Published in final edited form as:
PMCID: PMC2693202

Comparative Effects of 3 Popular Diets on Lipids, Endothelial Function and C-Reactive Protein during Weight Maintenance


Although popular diets focus on weight loss and their favorable biochemical and physiological effects, fewer investigations have evaluated the biological impact of these diets during weight maintenance. To study this issue, three popular diets, Atkins, South Beach and Ornish were tested in a randomized and counterbalanced, crossover study between January and December 2006. Participants completed each of the three 4-week isocaloric dietary intervention phases followed by a 4-week washout period. They were weighed weekly and caloric adjustments made if weight change exceeded 1 kg. At the completion of each dietary phase, 3-day food records were analyzed, fasting blood sampled and brachial artery reactivity testing (BART) performed.
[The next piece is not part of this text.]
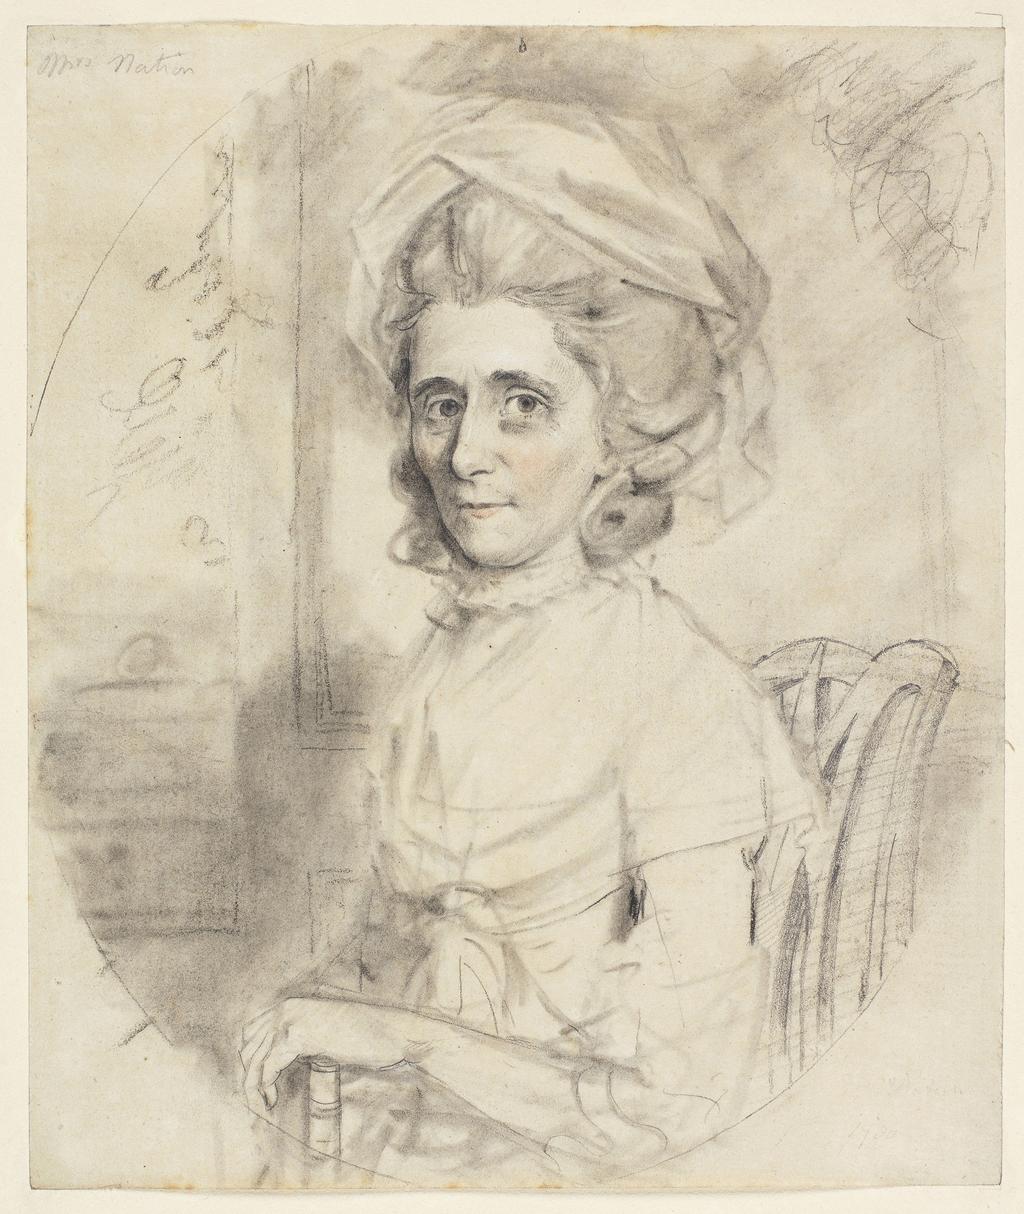 An image of Mrs Elizabeth Nation. Old Mrs Nation. Downman, John (British, 1750-1824). Black, red and white chalk with stump, some lines incised with a stylus, on paper, attached to mount sheet, height 225 mm, width 190 mm, 1780. Notes: by L.C.G. Clarke, "apparently the Mrs Nation who made a considerable fortune in High Street Exeter as a retailer of snuff and tobacco. The business is still in existence". 2nd Series, Vol, IV, No. 23.

Eighteen adults completed all 3 isocaloric dietary phases. During the South Beach and Ornish maintenance phase there were significant reductions in low density lipoprotein cholesterol (LDL-C) (11.8% [P=0.01], 16.6% [P=0.0006], respectively) compared to pre-diet baseline. Moreover, in contrast to the Atkins maintenance phase, significant reductions in LDL-C and apolipoprotein B levels were observed after the South Beach (P=0.003, P=0.05, repeated measures ANOVA) and Ornish maintenance phase (P=0.0004, P=0.006, repeated measures ANOVA). Brachial artery testing revealed an inverse correlation between flow-mediated vasodilatation and intake of saturated fat (r=−0.33; p=0.016). These data suggest that during weight maintenance, less favorable biological effects are observed during a simulated, high fat Atkins diet when compared to the South Beach and Ornish diet. The findings support additional study in subjects with visceral obesity and the metabolic syndrome, in whom an increased risk of coronary disease at baseline may be accentuated with chronic consumption of a diet that exhibits unfavorable effects on lipids and endothelial function.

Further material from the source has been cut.